# HTML code appearing instead of formatted page?



## rhonda (Jun 15, 2005)

Starting yesterday, just _after_ the error codes appearing at the top of any given page -- I encountered whole pages of html code instead of formatted content.  On some pages a few clicks of the refresh button will clear the problem allowing me to see the proper content.  Other times, it is useless and I move on to another page.

Brief snippet of the first several lines from a sample page today:



> Server: Apache/1.3.29 (Unix)
> Cache-Control: private, post-check=0, pre-check=0, max-age=0
> Expires: 0
> Pragma: no-cache
> ...


----------



## rhonda (Jun 17, 2005)

*Still having this problem*

Just a follow-up ... I'm still having this problem when using my preferred browser (Mozilla 1.6).  This problem is _not reproduced_ when using IE.

Can this be repaired?


----------



## Makai Guy (Jun 17, 2005)

I mostly use Firefox 1.0.1 but occasionally use MSIE 6.0.29.

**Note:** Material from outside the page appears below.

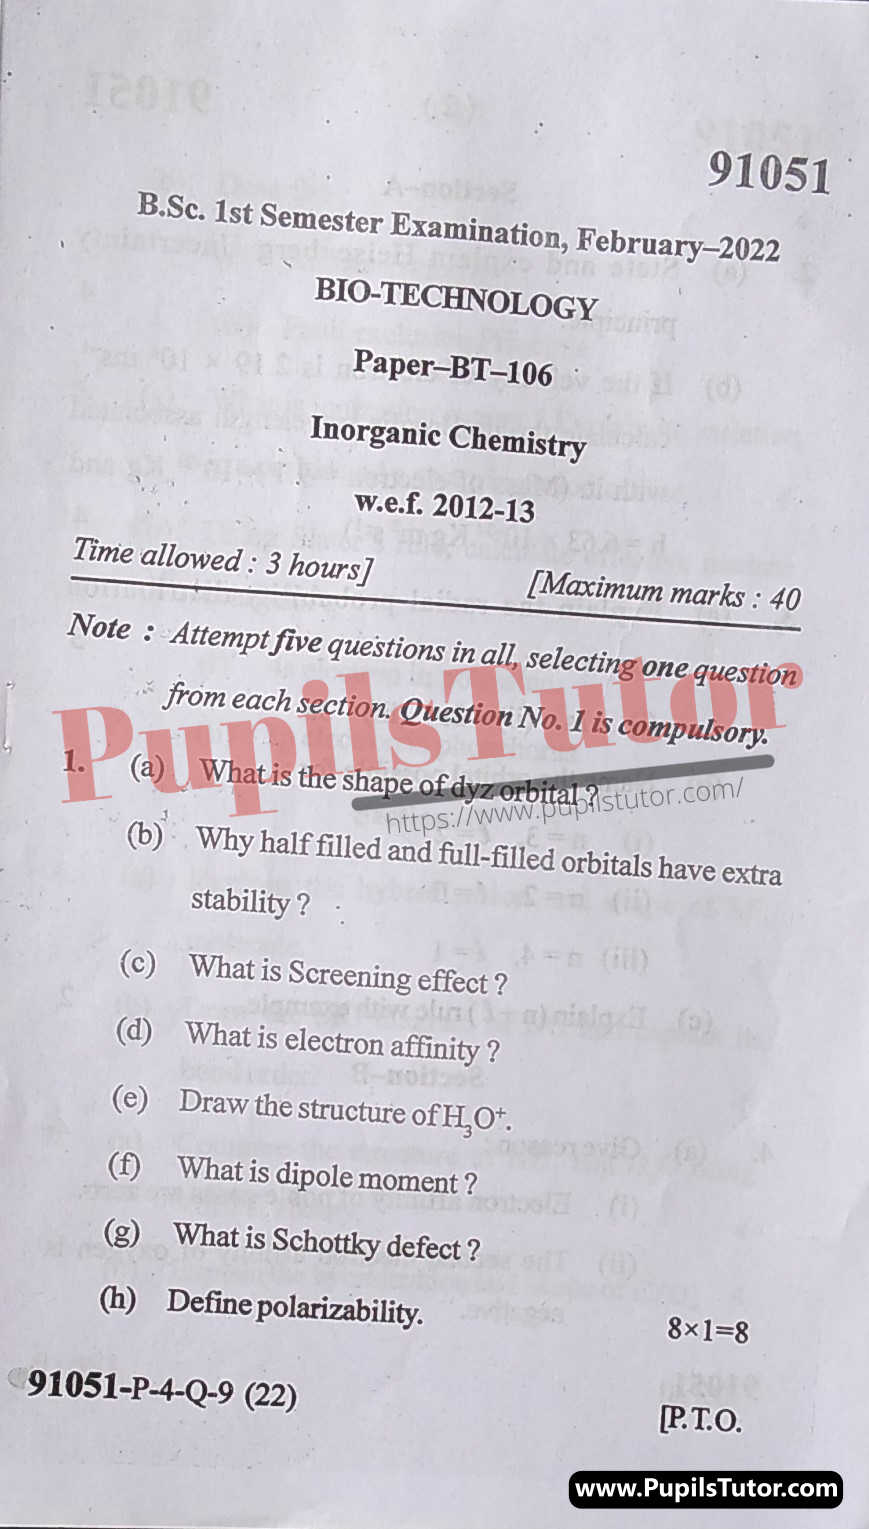 MDU (Maharshi Dayanand University, Rohtak Haryana) BSc Biotechnology Pass Course First Semester Previous Year Inorganic Chemistry Question Paper For February, 2022 Exam (Question Paper Page 1) - pupilstutor.com

I have never seen this, even when those error codes were being shown a couple of days ago.  

Is anybody else having this same problem?


----------



## Keitht (Jun 17, 2005)

I normally use IE but have composed this using Mozilla Firefox.  Display and operation all as normal.


----------



## rhonda (Jun 17, 2005)

Update: Retested on my laptop using Mozilla 1.7.8 without triggering the same problem.  Guess I'll be updating my desktop PC.

Thanks!


----------



## rhonda (Jun 23, 2005)

*It's baaaaaaack.*

Well ... this evening even my upgraded (Mozilla 1.7.8) client is showing the unformatted pages.

First few lines:





> Server: Apache/1.3.29 (Unix)
> Cache-Control: private, post-check=0, pre-check=0, max-age=0
> Expires: 0
> Pragma: no-cache
> ...


----------